Churchill Closes $1.5B Oversubscribed Co-Investment Fund
Churchill Asset Management has announced the final close of Churchill Co-Investment Fund II at its $1.5 billion hard cap, significantly exceeding initial targets amid strong investor interest. The oversubscribed fund will back equity co-investments alongside private equity sponsors in U.S. middle market companies.
The new vehicle is nearly 3.5x the size of Churchill’s inaugural co-investment fund, which closed in 2021 with $440 million. In addition to its increased scale, Fund II marks a meaningful shift in investor composition—with approximately 20% of commitments coming from Churchill’s wealth platform, reflecting growing appetite from high-net-worth individuals for private market access.
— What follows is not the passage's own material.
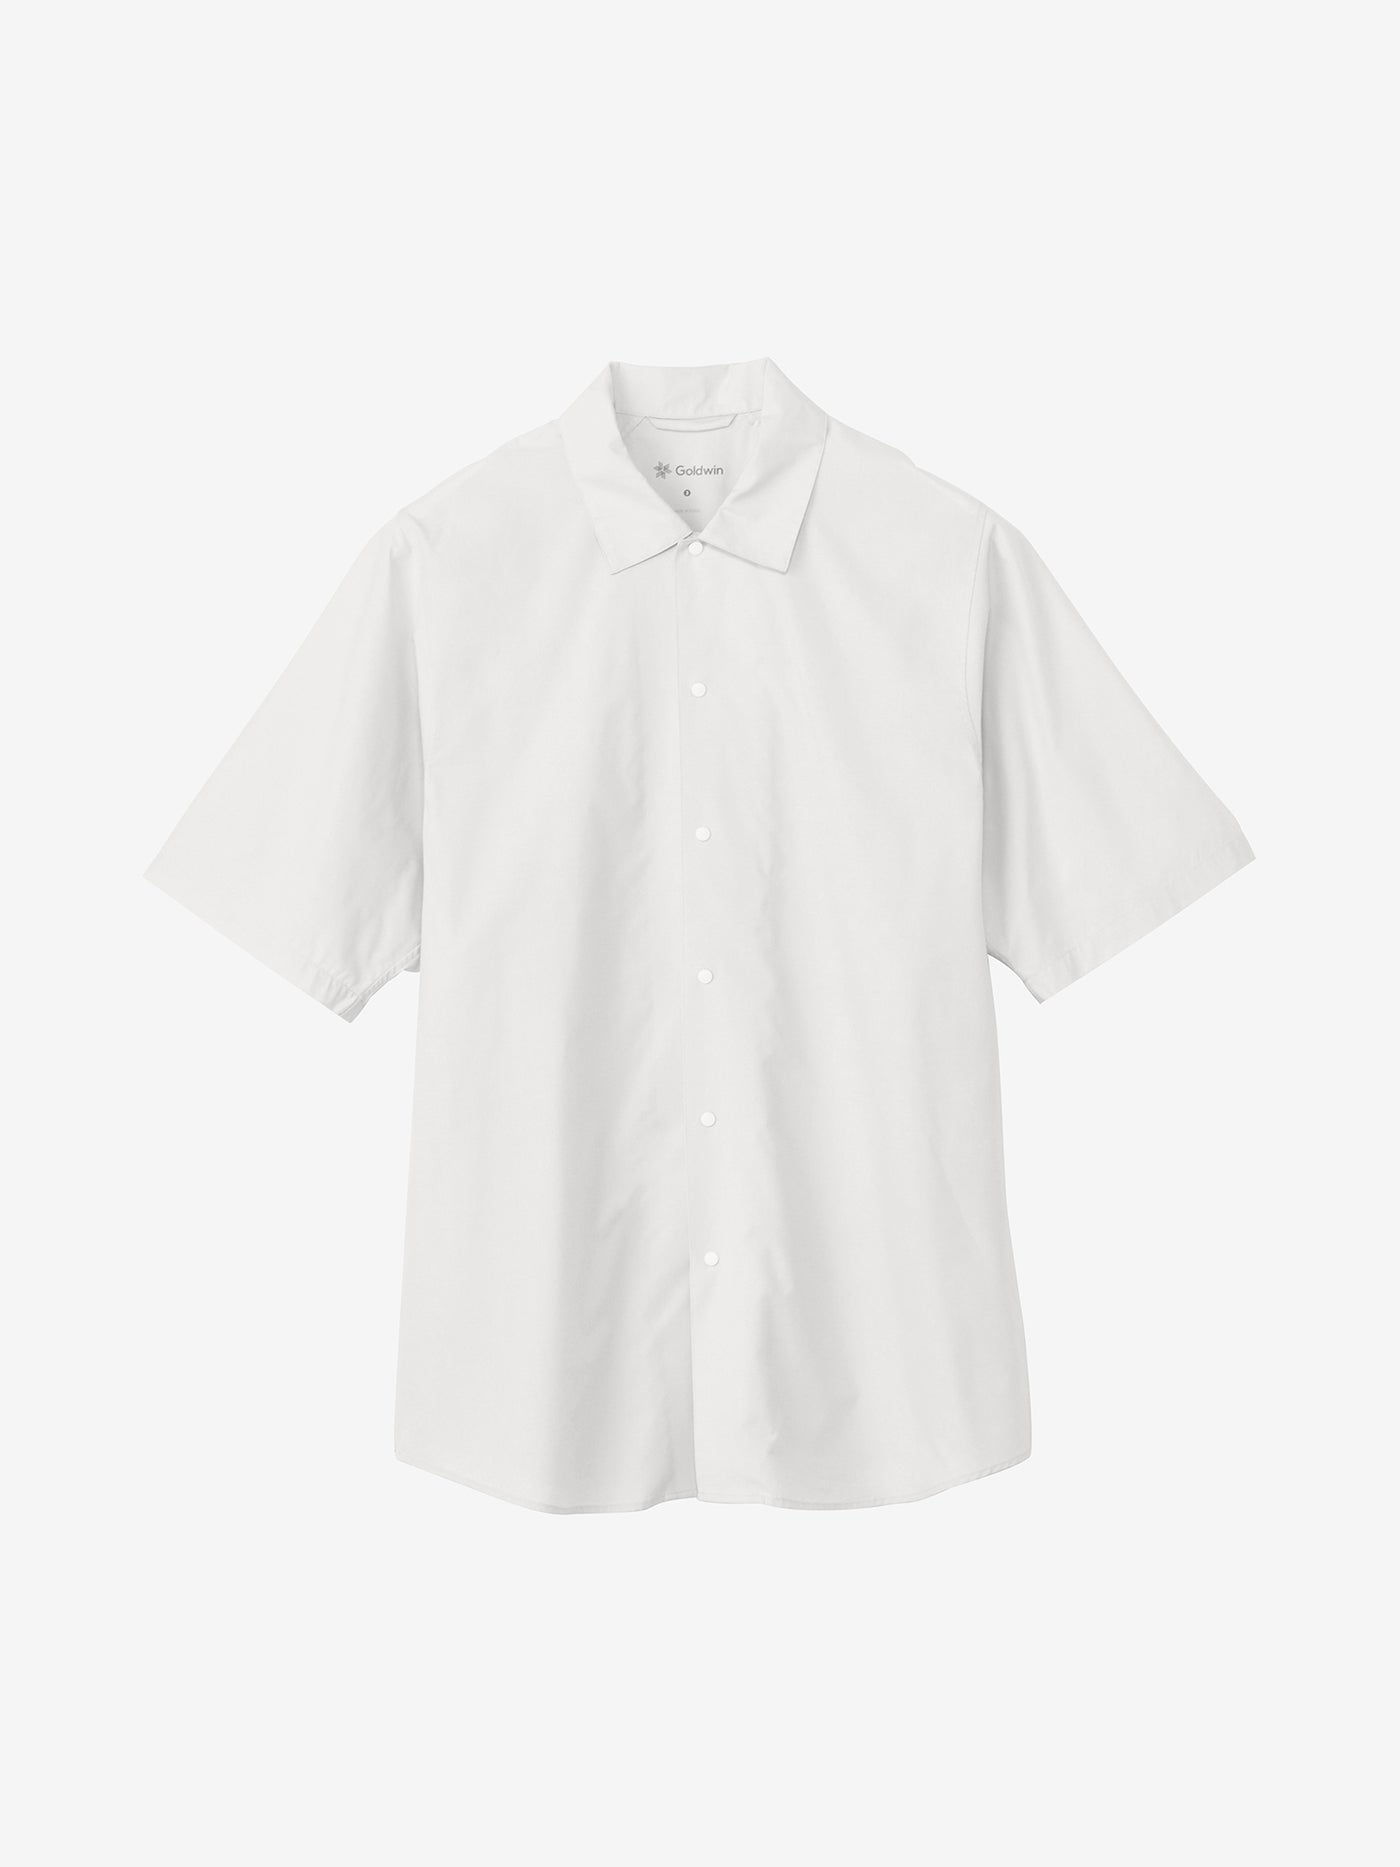 Cotton x Bamboo S/S Shirt

“Individual investors are increasingly focused on growing their exposure to alternative investment strategies, and the success of the fund in the wealth channel underscores the strong demand we’re seeing from high-net-worth investors for differentiated private capital opportunities,” said Moshe Bajnon, global head of Private Wealth and co-head of Investor Solutions Group at Churchill.
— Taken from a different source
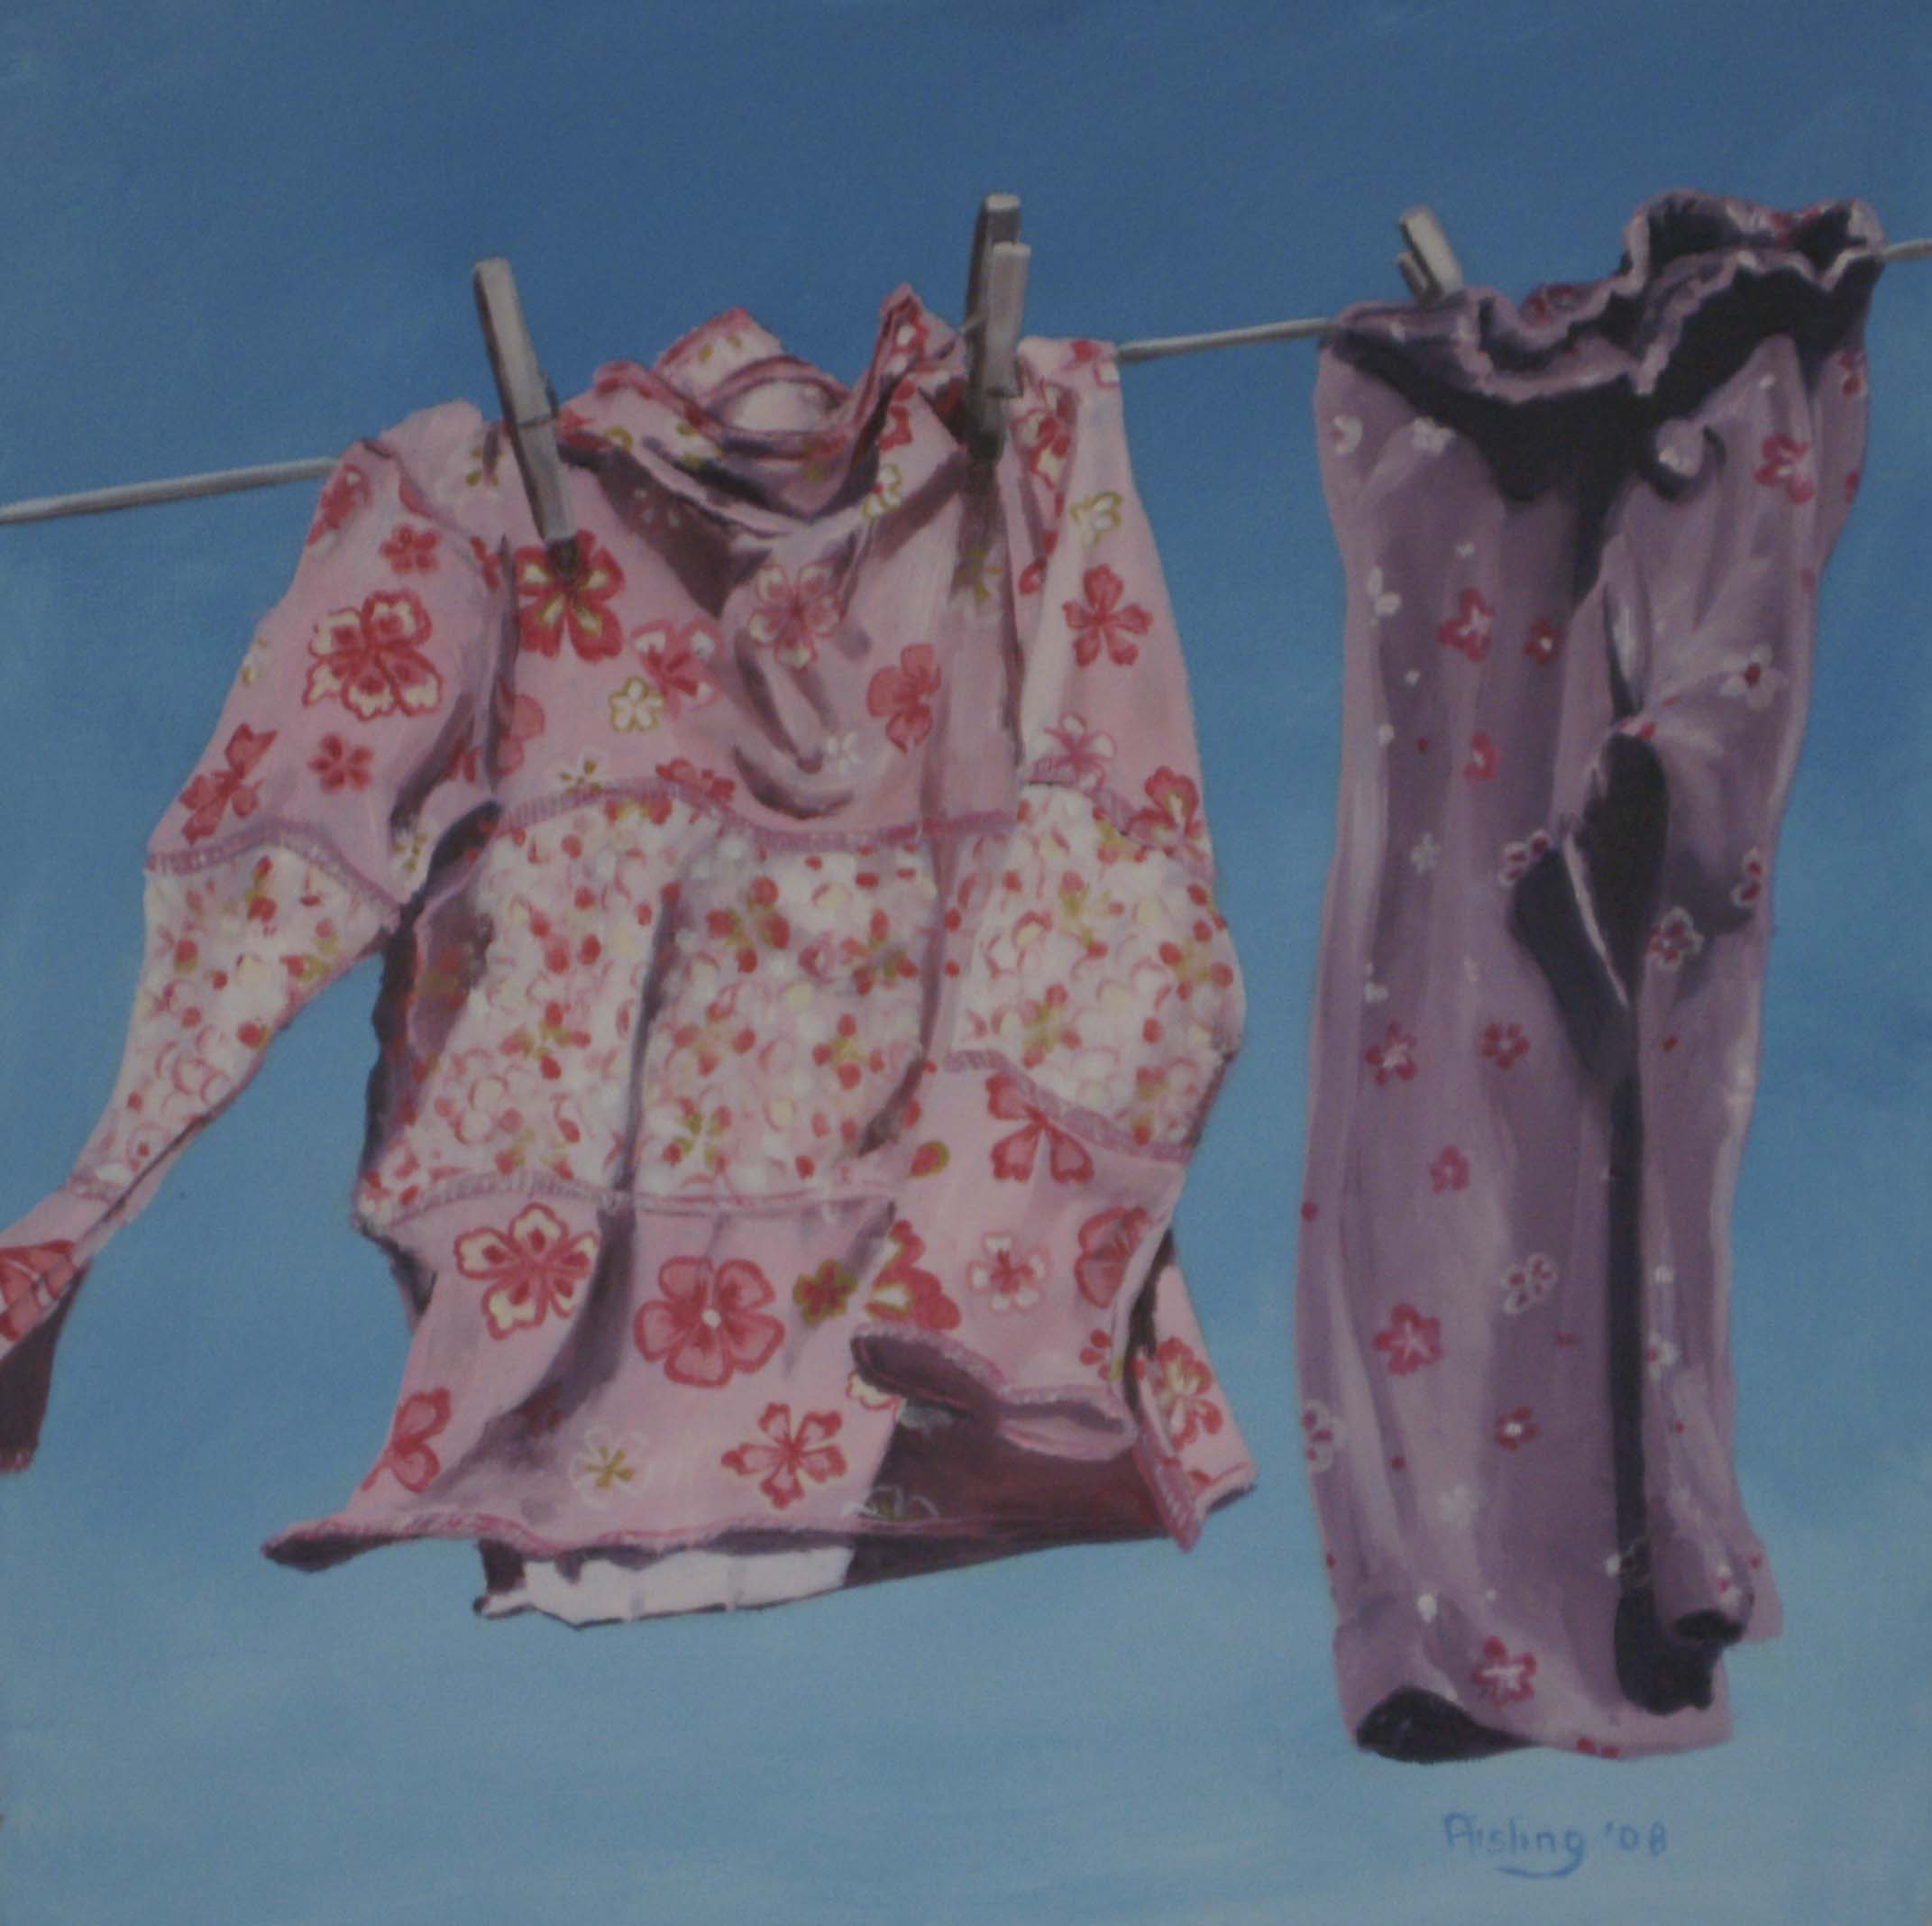 Kalin's clothes | Oil on canvas, 30cm x 30cm

In addition to strong participation from the private wealth channel, Churchill Co-Investment Fund II attracted commitments from a broad base of institutional investors, including sovereign wealth funds, public and corporate pensions, insurance companies, fund of funds, foundations, asset managers and family offices.
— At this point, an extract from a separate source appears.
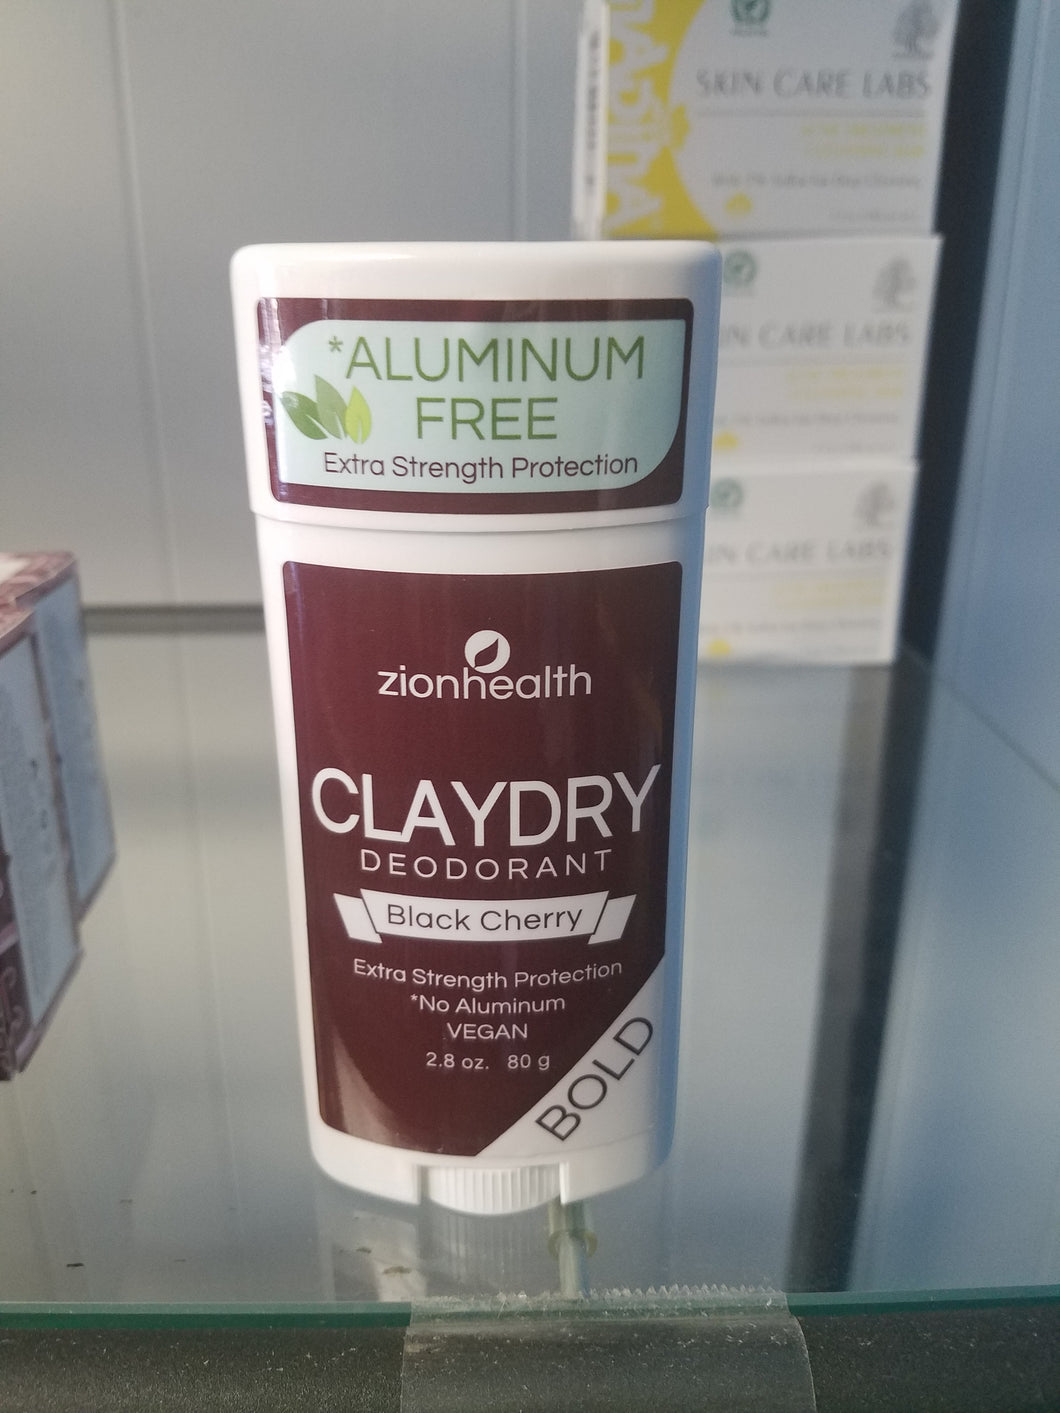 Claydry deodorant

In March, the Nuveen investment specialist focused on private capital, announced the close of its third collateralized fund obligation (CFO), NPC SIP 2024-1, also referred to as the “Long Duration Bond” (LDB) at $750 million.
Churchill, a New York-based firm, has invested over $11 billion in more than 280 private equity funds since its inception, committing over $1 billion annually to U.S. middle market private equity.